OpenClaw Reliability

OpenClaw Reliability is a reliability smoke-check and guarded repair plugin for OpenClaw. It diagnoses runtime, provider, tool, plugin, channel, and configuration noise, then turns those findings into human-readable reports, watch decisions, and safe repair flows.

中文说明见 README.zh-CN.md.

What it is for

Use this plugin when you want to know whether an OpenClaw runtime problem is truly a runtime failure or just provider noise, model-call pressure, caller input error, stale tool state, channel expiry, or approval governance.

It helps answer:

Is the Gateway actually degraded, or is the signal short-window sampling noise?
Are failures coming from providers, credentials, HTTP endpoints, tool inputs, plugin config, or channels?
Should the user be notified, or should the signal stay quiet as known noise?
Is there a safe read-only diagnostic action to run?
Is a state-changing repair blocked until explicit human approval?

Philosophy

Reliability follows a conservative operating rule:

Diagnose first. Repair only what is safe, narrow, verified, and reversible.

The plugin separates:

Smoke checks — collect local, redacted health evidence.
Reports — summarize blockers, warnings, and next action.
Watch decisions — de-duplicate signals and stay quiet for non-actionable noise.
Repair plans — create advisory actions with evidence and anti-actions.
Watch repair — run only safe non-mutating actions automatically; keep state-changing actions guarded.
Cron runner — emit NO_REPLY or a ready-to-send Chinese alert for schedulers.

It is not a security boundary.

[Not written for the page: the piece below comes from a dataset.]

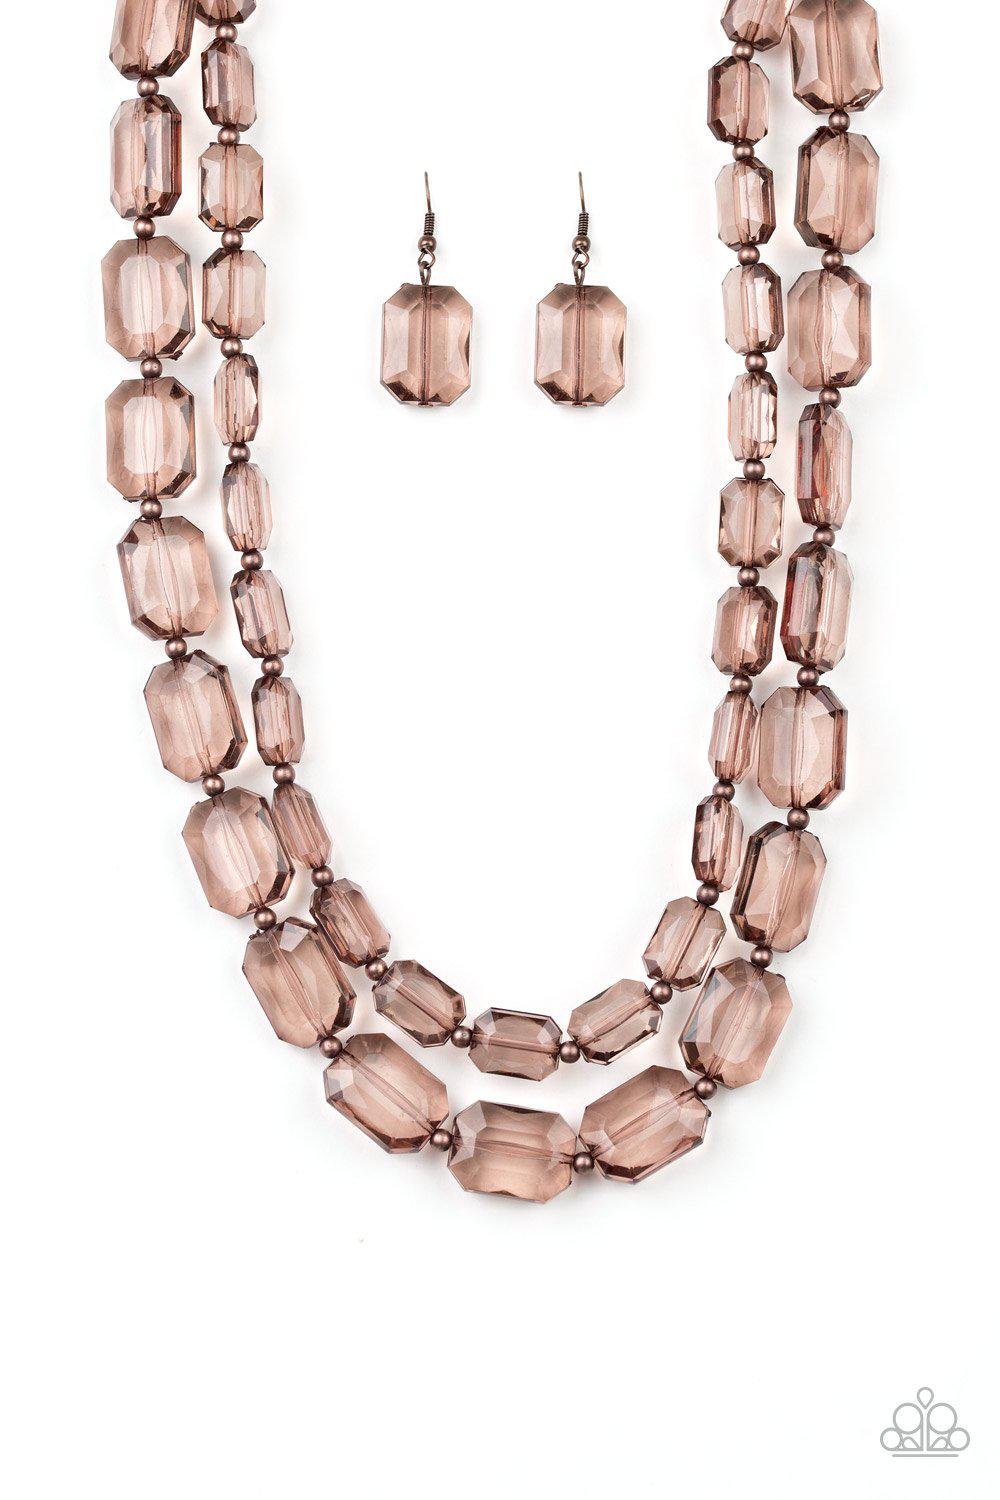 Ice Bank Copper Acrylic Necklace and matching Earrings - Paparazzi Accessories-CarasShop.com - $5 Jewelry by Cara Jewels
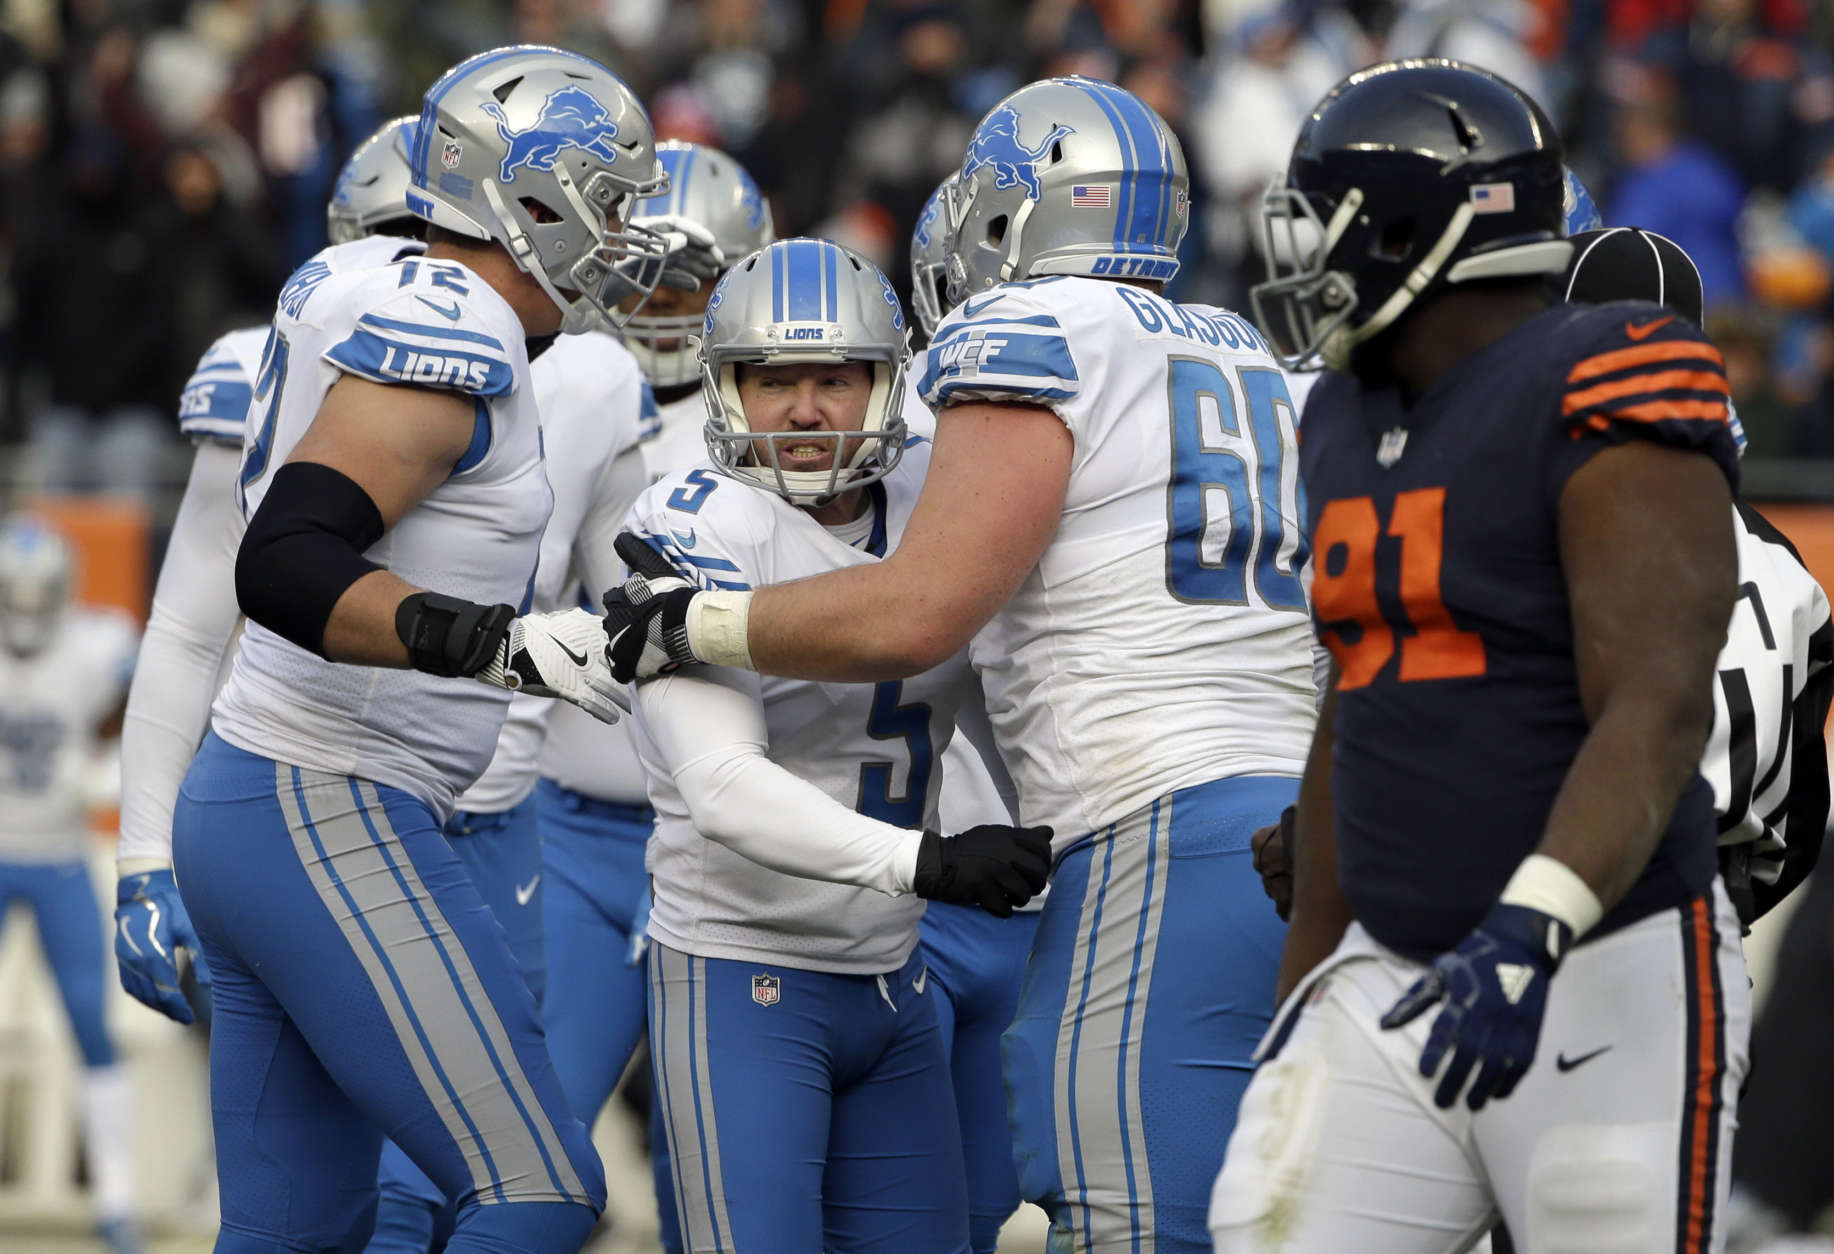 Detroit Lions kicker Matt Prater (5) celebrates his 52-yeard field goal during the second half of an NFL football game against the Chicago Bears, Sunday, Nov. 19, 2017, in Chicago. (AP Photo/Nam Y. Huh)

Use openclaw-language-boundary for action policy.

What it can do

Run passive reliability smoke checks.
Sample Gateway health and sustained CPU.
Classify provider timeout, HTTP error, missing config, tool input errors, approval outcomes, plugin runtime noise, source-only shadowing, channel expiry, and stale tool failures.
Generate short human-readable reports.
Generate JSON output for automation.
De-duplicate watch notifications.
Run safe read-only diagnostic repair actions.
Run one guarded state-changing cleanup for stale tool-failure records only when explicitly allowlisted.
Emit NO_REPLY for quiet scheduled checks.

What it will not do by default

It will not restart Gateway.
It will not patch config.
It will not write credentials.
It will not disable plugins.
It will not delete files.
It will not mutate cron jobs, channels, sessions, or external services.
It will not upload logs.

Install

openclaw plugins install clawhub:openclaw-reliability@0.3.14
openclaw gateway restart

For the latest ClawHub release:

openclaw plugins install clawhub:openclaw-reliability
openclaw gateway restart

Common commands

From the installed package or source directory:

npm run smoke
npm run smoke:json
npm run report
npm run repair-plan
npm run repair-plan:json
npm run watch-check
npm run watch-check:json
npm run watch-repair
npm run watch-repair:json
npm run cron-runner
npm run cron-runner:json
npm run release:check

Useful examples:

npm run smoke -- --cpu-sample-seconds=15 --failure-freshness-minutes=60
npm run report -- --cpu-sample-seconds=15 --failure-freshness-minutes=60
npm run watch-repair:json -- --cpu-sample-seconds=5 --failure-freshness-minutes=60
npm run cron-runner -- --cpu-sample-seconds=5 --failure-freshness-minutes=60

Cron runner

cron-runner is designed for scheduled checks.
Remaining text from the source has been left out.